Tras casi dos horas de peligroso ascenso, al fin alcanzaron el borde de un barranco desde donde divisaron la casa de Gasky: se trataba de una mansión asentada sobre una inusual formación rocosa con la forma de una gigantesca columna. El pináculo dejaba abajo la abundante vegetación de la zona y se elevaba hacia el cielo como la cima más elevada de la región.

—¡Qué mansión preciosa! —comentó Soria, fascinada por la imagen.

—Desde ahí arriba debe apreciarse un gran paisaje —observó Winger.

—Pues vamos de una vez —propuso Demián.

Y guió a sus compañeros hacia el puente colgante que unía el barranco con el pilar de roca.
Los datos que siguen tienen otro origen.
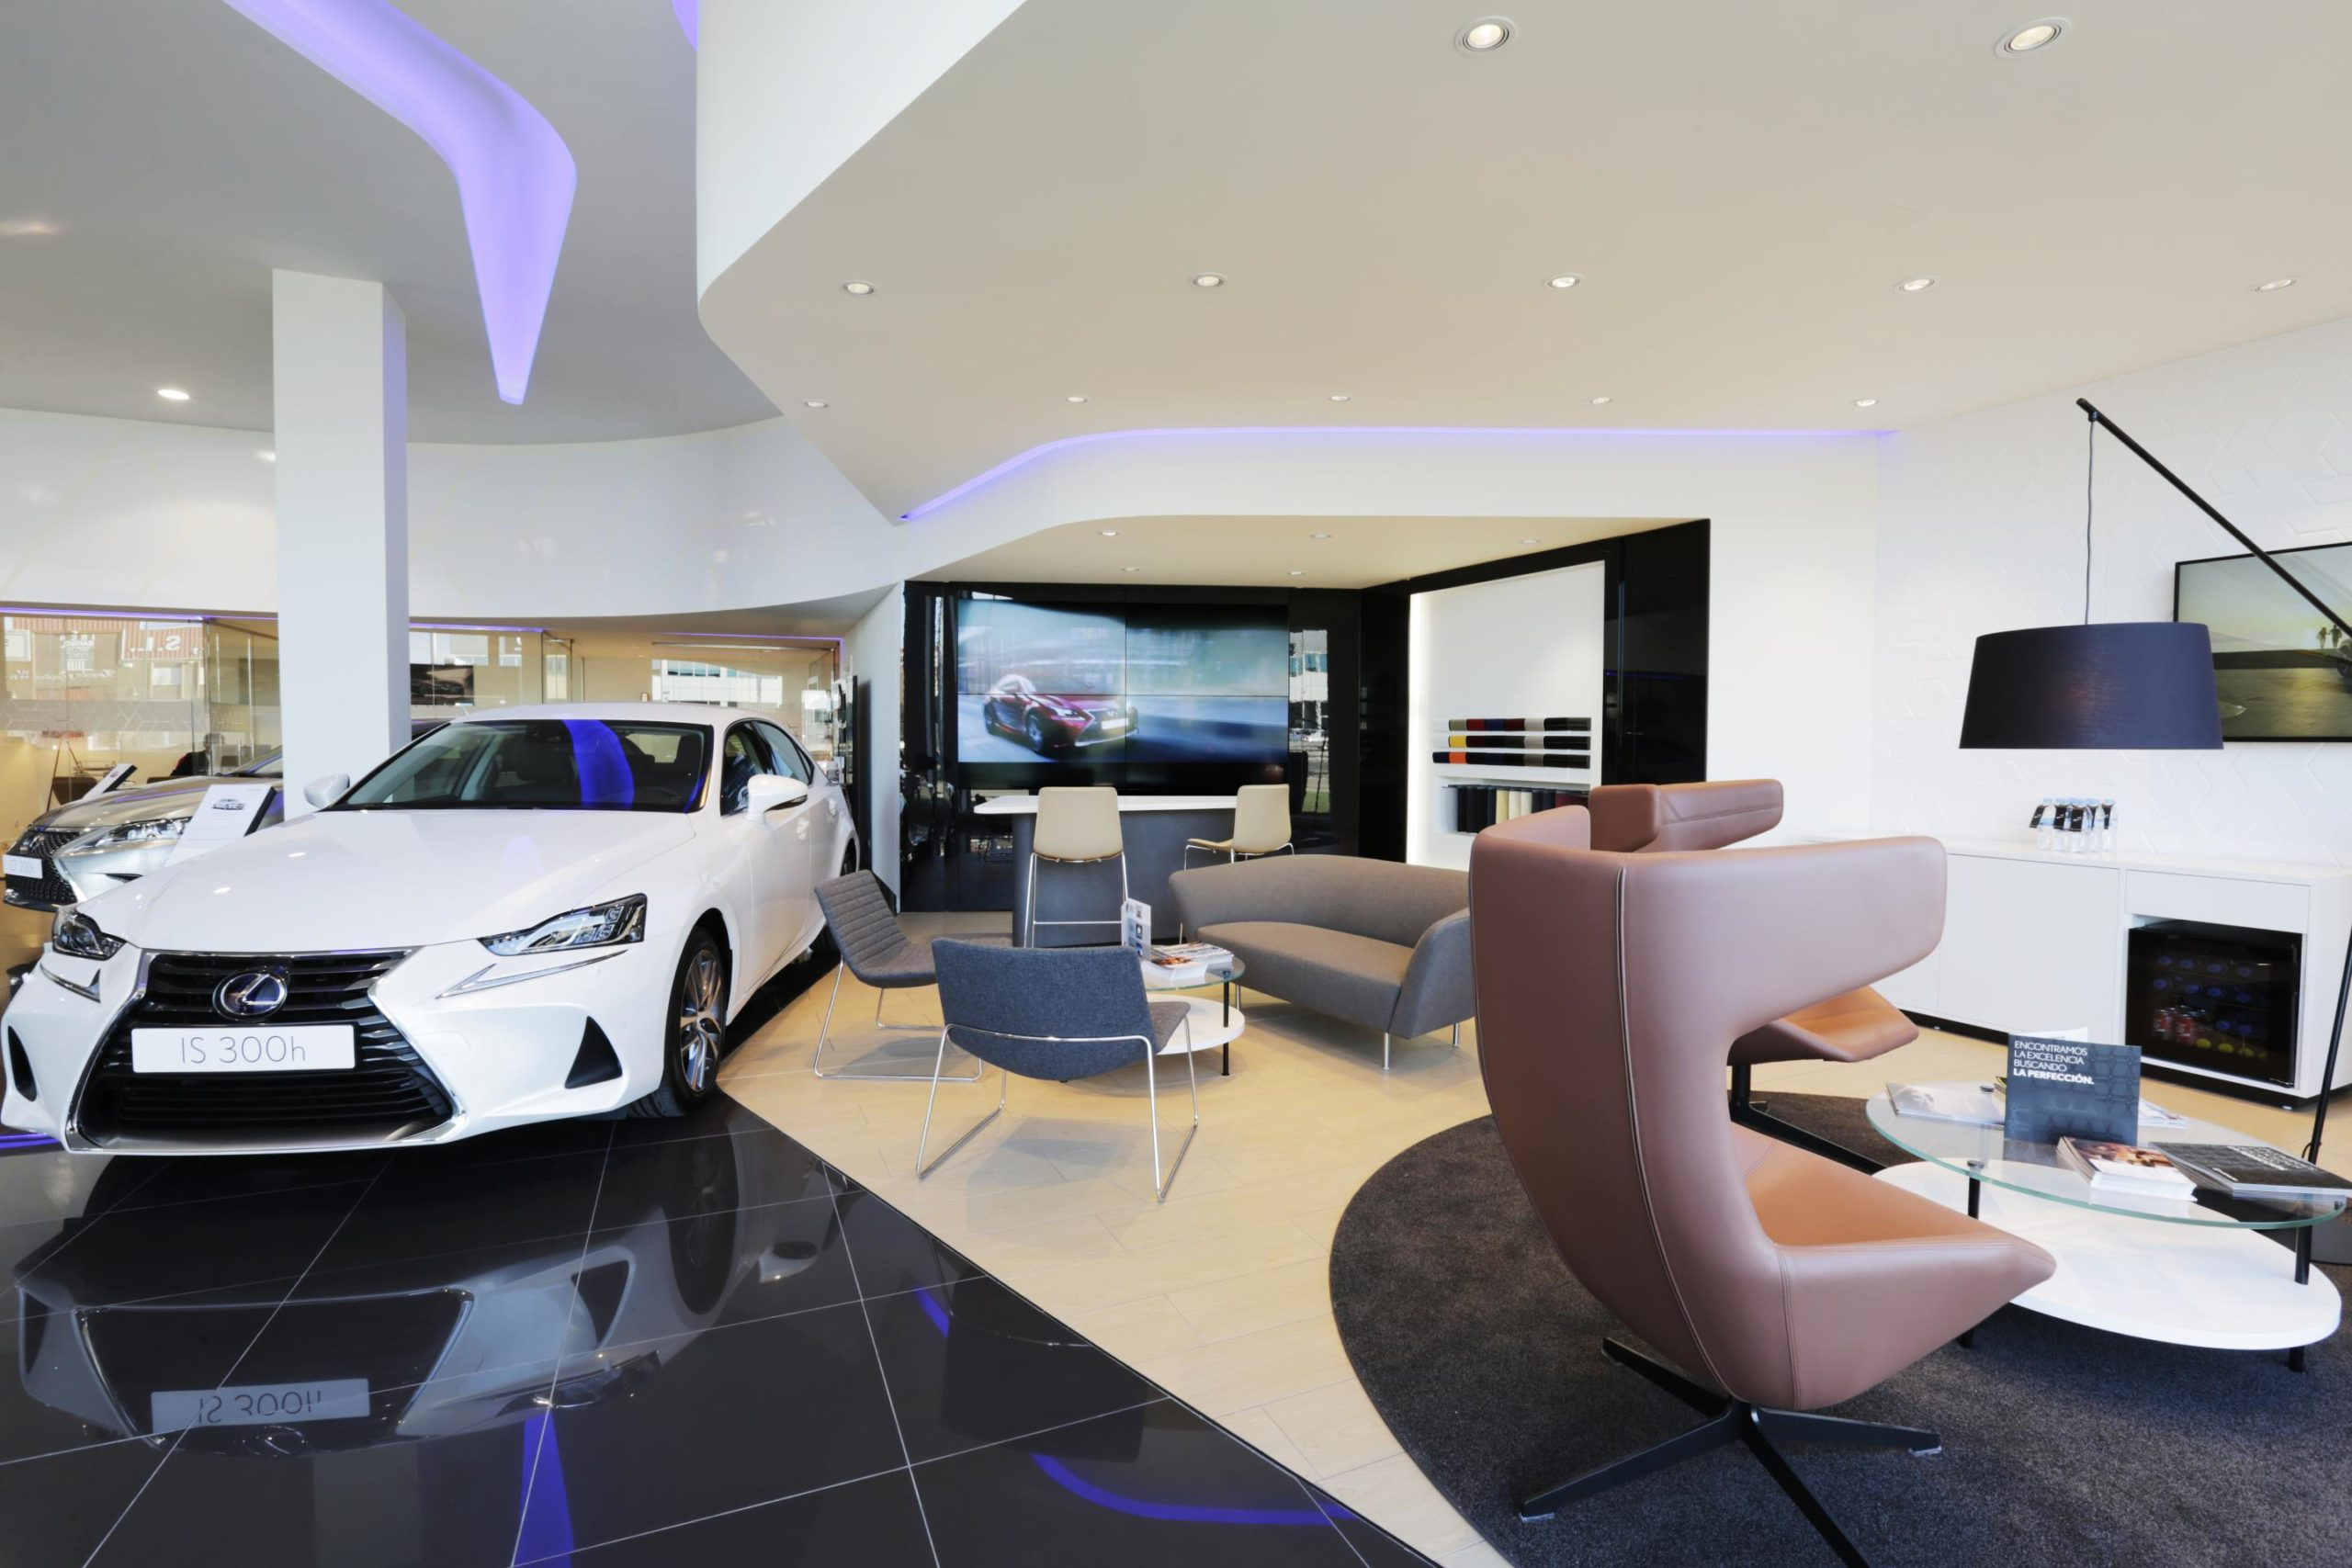 Apertura de parte de la red de Centros Autorizados Lexus

—No me gustan estos puentes. —Soria iba aferrada a la espalda de su primo mientras controlaba el caudaloso río que corría bajo sus pies—. Siempre se caen.

—No hay de qué preocuparse —le aseguró Demián—. Los puentes solo se cortan en los cuentos de aventuras.

Su amigo parecía no temerle a aquellas cosas, pero Winger trataba de no mirar hacia abajo. Una larga caída los separaba de la corriente agitada.

«No puede pasar nada», se repetía el mago en su cabeza, cuando una brusca ráfaga embistió contra el puente.

Los jóvenes detuvieron el paso y se miraron entre sí. Durante un instante hubo silencio. Y luego, el viento salvaje volvió a zamarrearlos con violencia.

—¡Sujétense! —gritó Demián mientras trataba de resistir el azote.

Pero no era mucho lo que ellos podían hacer. Winger y Demián hacían su mejor esfuerzo para mantenerse aferrados a las cuerdas, mientras que Soria lloraba del susto, arrastrada por las poderosas ráfagas de un lado a otro.

Finalmente, sucedió lo peor: así como en los cuentos de aventuras, las gruesas sogas se cortaron. Desde las alturas, Soria solo pudo contemplar con impotencia como sus dos compañeros se precipitaban hacia las turbulentas aguas.